Abstract
Organoids, which are three-dimensional cultures derived from pluripotent or adult stem cells, meticulously mimic human organ architecture and function, revolutionizing biomedical research. Patient-derived organoids have emerged as powerful tools in disease modeling, particularly in cancer research. For instance, in the case of colorectal cancer, organoids are developed from tumor tissues of patients, allowing for drug sensitivity tests that can inform personalized treatment plans, as seen in the case of a patient responding well to specific chemotherapy drugs. In addition, organoids have been used to study regenerative mechanisms, such as the repair of intestinal stem cells post-radiation, showcasing their versatility in biomedical research. In drug development, they facilitate screening for efficacy and toxicity, with applications in testing poly-ADP ribose polymerase (PARP) inhibitors and cosmetic ingredients, while aligning with ethical imperatives as the U.S. Food and Drug Administration (FDA) plans to phase out animal testing for certain drugs by 2025. In addition, organoids show promise in regenerative medicine, such as endometrial and retinal regeneration, and bone tissue engineering. Despite challenges such as variable culture conditions, limited vascularization, and high costs, standardizing protocols and integrating microenvironmental factors will enhance their clinical utility, driving a shift toward human-centric therapeutic advancements.

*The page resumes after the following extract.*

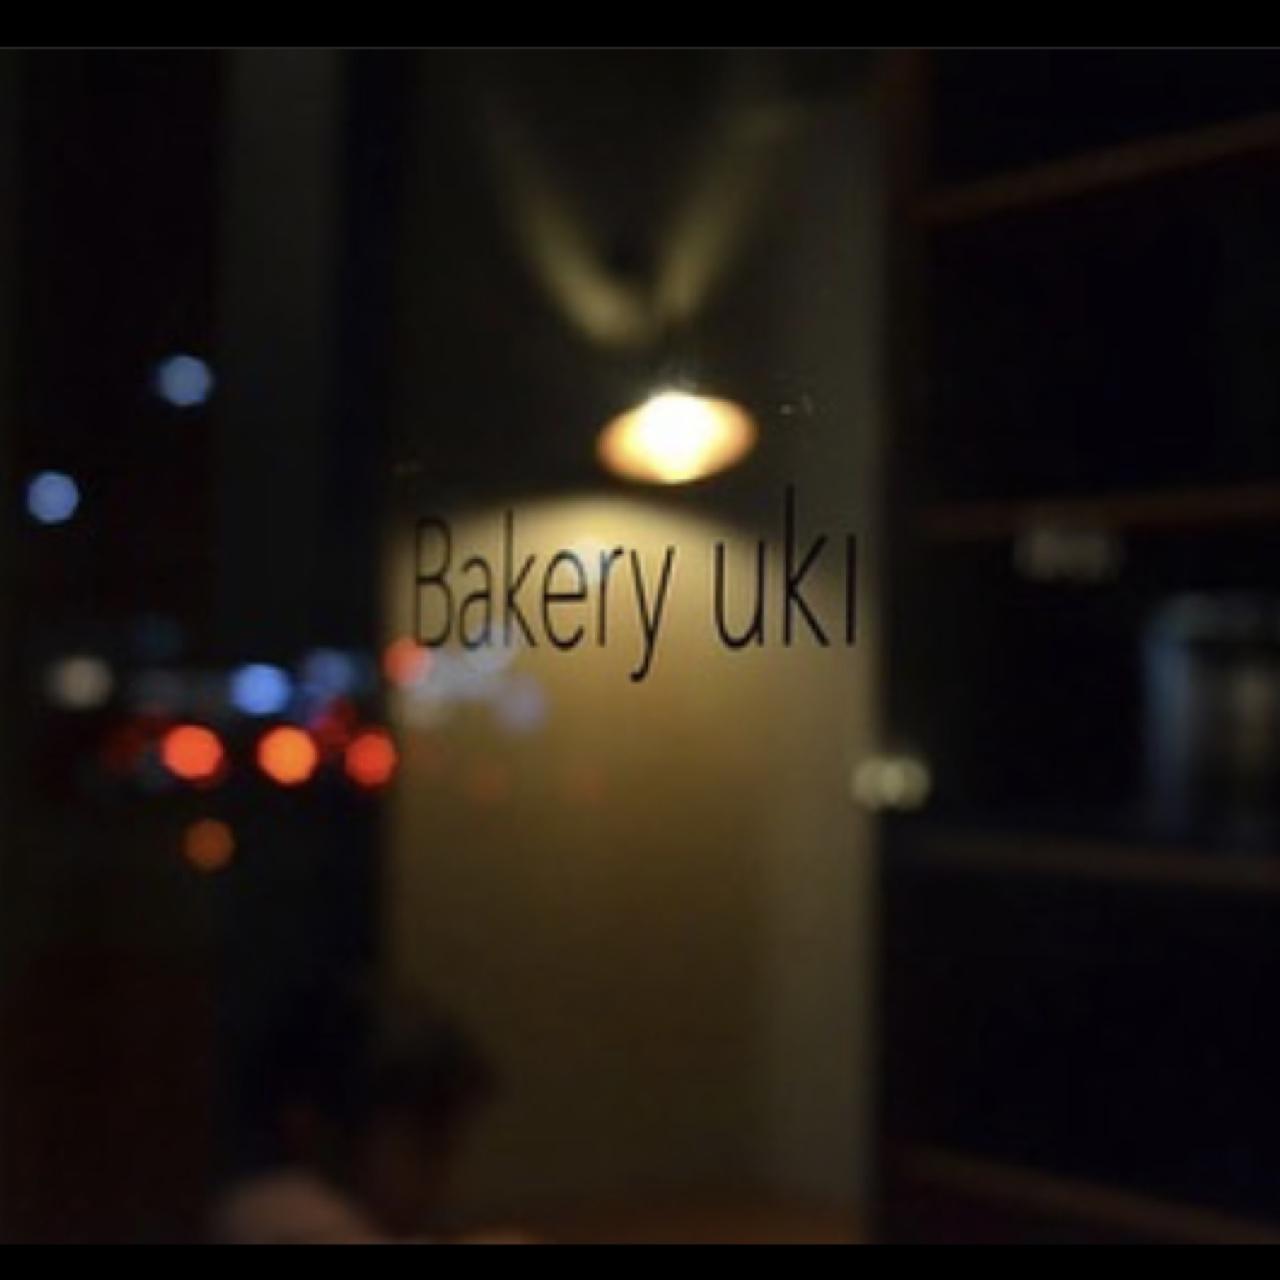 Bakery uki(ベーカリーウキ)>

Keywords: organoids, disease modeling, regenerative medicine, vascularization challenge, FDA regulatory shift
The rapid evolution of stem cell and organoid technologies has revolutionized biomedical research, offering unprecedented opportunities to model human development, disease mechanisms, and therapeutic interventions 1 . This special issue of Cell Transplantation, “Stem Cells and Organoids,” highlights cutting-edge advancements in stem cell biology and organoid systems, underscoring their transformative potential in both basic science and clinical translation. Notably, recent regulatory shifts, such as the US Food and Drug Administration’s (FDA) 2025 plan to phase out animal testing for monoclonal antibodies and other drugs, further emphasize the urgency of adopting human-relevant models like organoids. These innovations not only align with ethical imperatives but also promise to enhance drug safety, reduce costs, and accelerate therapeutic discovery.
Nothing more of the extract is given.